「落ち葉と遊ぶ午後」
秋の朝
9月も半ば。朝、病院の庭に出ると、桜や欅の葉が黄色や赤に色づき、地面にひらひらと舞い落ちていた。
風が吹くたび、カサカサと音を立てて葉が転がる。
「先生、庭がすっかり秋ですね」
美咲が掃き掃除をしながら笑う。
「全部掃いても、またすぐ積もるぞ」
私は落ち葉を踏みしめながら答えた。
今日は、そんな落ち葉が思わぬ役者になる一日だった。
午前 ベルと落ち葉の山
最初にやってきたのはベルと女の子。
診察を終えたあと、庭で少し遊んでいくことになった。
女の子が熊手で集めた落ち葉の山に、ベルは興味津々。
鼻を突っ込み、思い切りジャンプして飛び込む。
「わぁっ!」
落ち葉が舞い上がり、女の子も笑いながらベルと一緒に転がった。
「ベルも秋を楽しんでるな」
私はその様子を眺めながら思った。
庭は一瞬、黄金色の紙吹雪に包まれた。
午前後半 リクと追いかけっこ
続いて来院したリク。
診察後、加藤さんと庭に出ると、風に吹かれて一枚の葉がひらひらと舞った。
リクはすぐに反応し、全力で追いかけ始める。
しっぽを振りながら、落ち葉を前足で押さえ、また風にさらわれ、さらに追いかけ……
その繰り返しに加藤さんも笑顔になった。
「リク、楽しそうだなぁ。家でもやってくれたら掃除が助かるのに」
冗談交じりの言葉に、私も思わず笑ってしまった。
昼 チャイとモカの落ち葉ベッド
昼前、ご夫婦がチャイとモカを連れてきた。
庭の一角に落ち葉がこんもりと積まれているのを見つけ、二匹はすぐに駆け寄った。
チャイは落ち葉の上にごろんと横たわり、ふかふかのベッドのようにくつろぐ。
モカは落ち葉を前足でかき分け、下から何かを探すように夢中だ。
「まるで宝探しだな」
ご主人が笑うと、奥さんも「掃除は大変だけど、楽しそうだからいいか」と肩をすくめた。

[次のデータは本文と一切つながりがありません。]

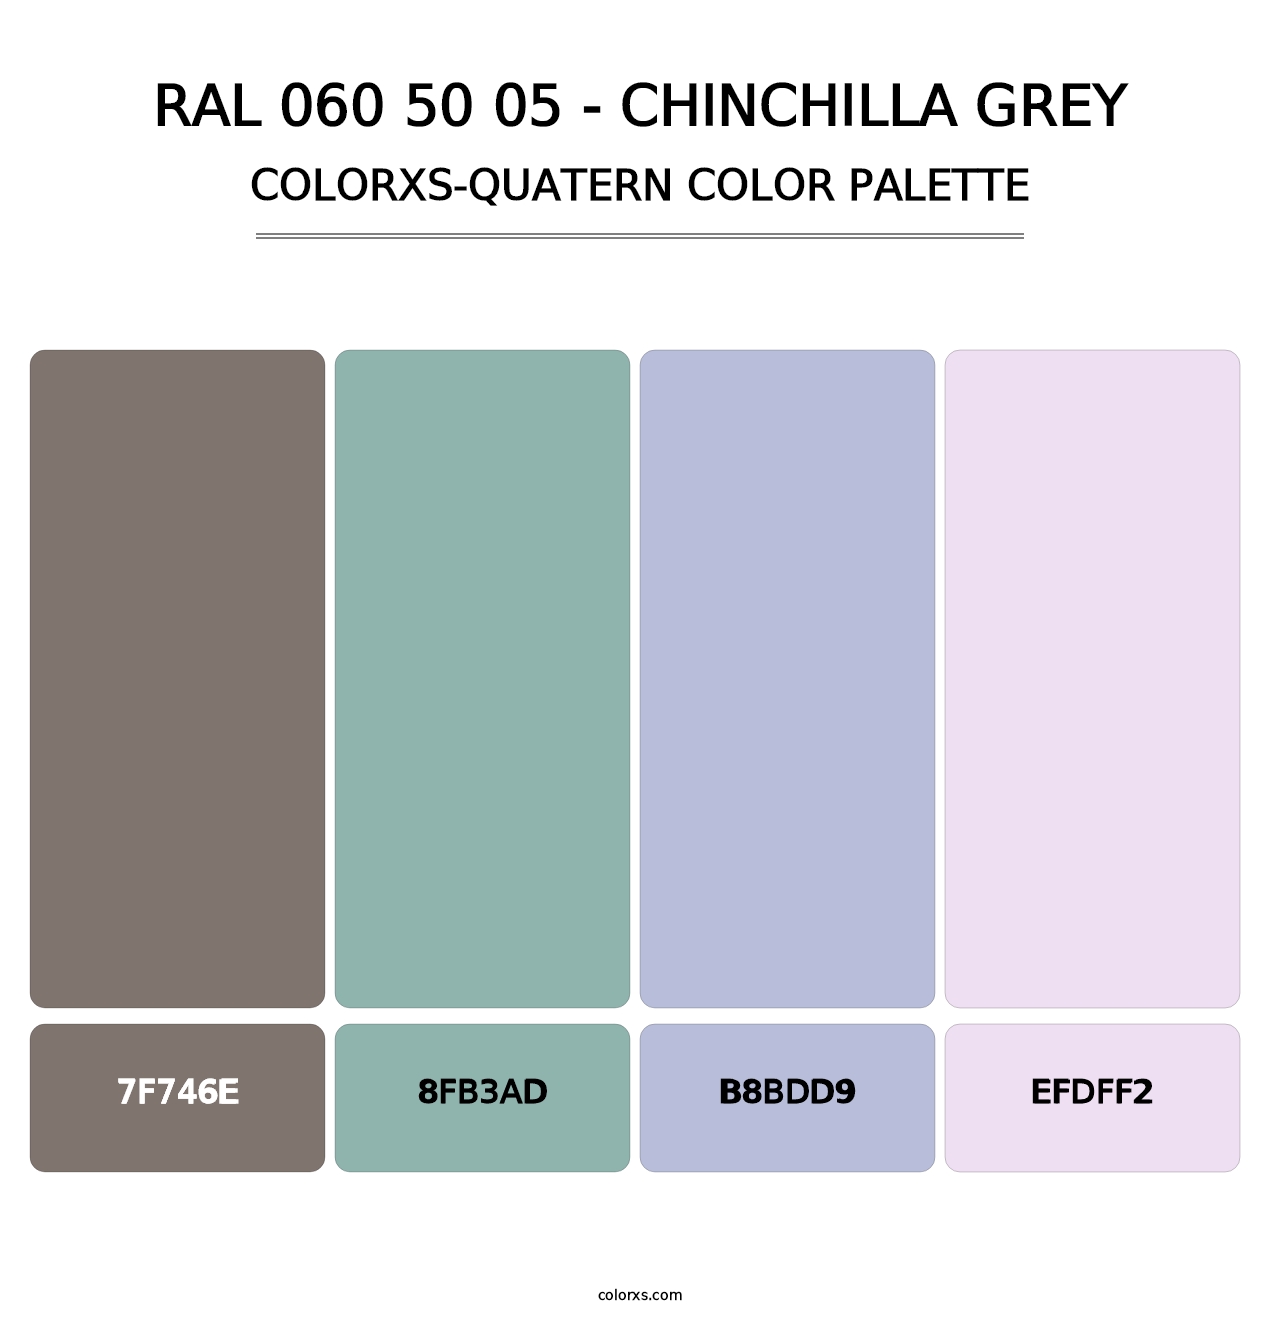 RAL 060 50 05 - Chinchilla Grey - Colorxs Quatern Palette

落ち葉に包まれる二匹の姿は、秋の絵本の一場面のようだった。
午後 ユキと舞う葉
午後にやってきたのはユキ。
キャリーから出ると、風に乗ってひらひらと葉が舞い落ちた。
ユキはじっと目で追い、突然「ぴょん」と跳び上がる。
しかし葉はするりと逃げ、ユキは地面に着地して不満げに「にゃあ」。
飼い主さんは笑いながら、ユキの頭を撫でた。
「落ち葉相手に真剣なんだから」
私はその光景を見ながら、自然の遊び相手はどんなおもちゃより豊かだと感じた。
夕方 みんなで落ち葉掃除
夕方、診療の合間に美咲と庭の落ち葉を集めていると、ベルやリクたちの飼い主が声をかけてくれた。
「手伝いますよ」
みんなで落ち葉を集めるうちに、自然と笑い声が広がる。
子どもたちは山にした落ち葉へ飛び込み、犬たちも加わって大はしゃぎ。
まるでちょっとした秋祭りのようだった。
夜 落ち葉の余韻
診療が終わり、外に出ると、月明かりに照らされた庭に落ち葉が散らばっていた。
昼間の賑やかな声がまだ残っているような気がする。
「先生、落ち葉って片付けても片付けてもまた落ちてきますね」
美咲がほうきを抱えながら言う。
「それが秋だからな。今日はいい思い出になった」
私は笑い、落ち葉を一枚拾い上げた。
黄金色の葉は、動物たちの笑顔とともに、この秋を彩る小さな宝物だった。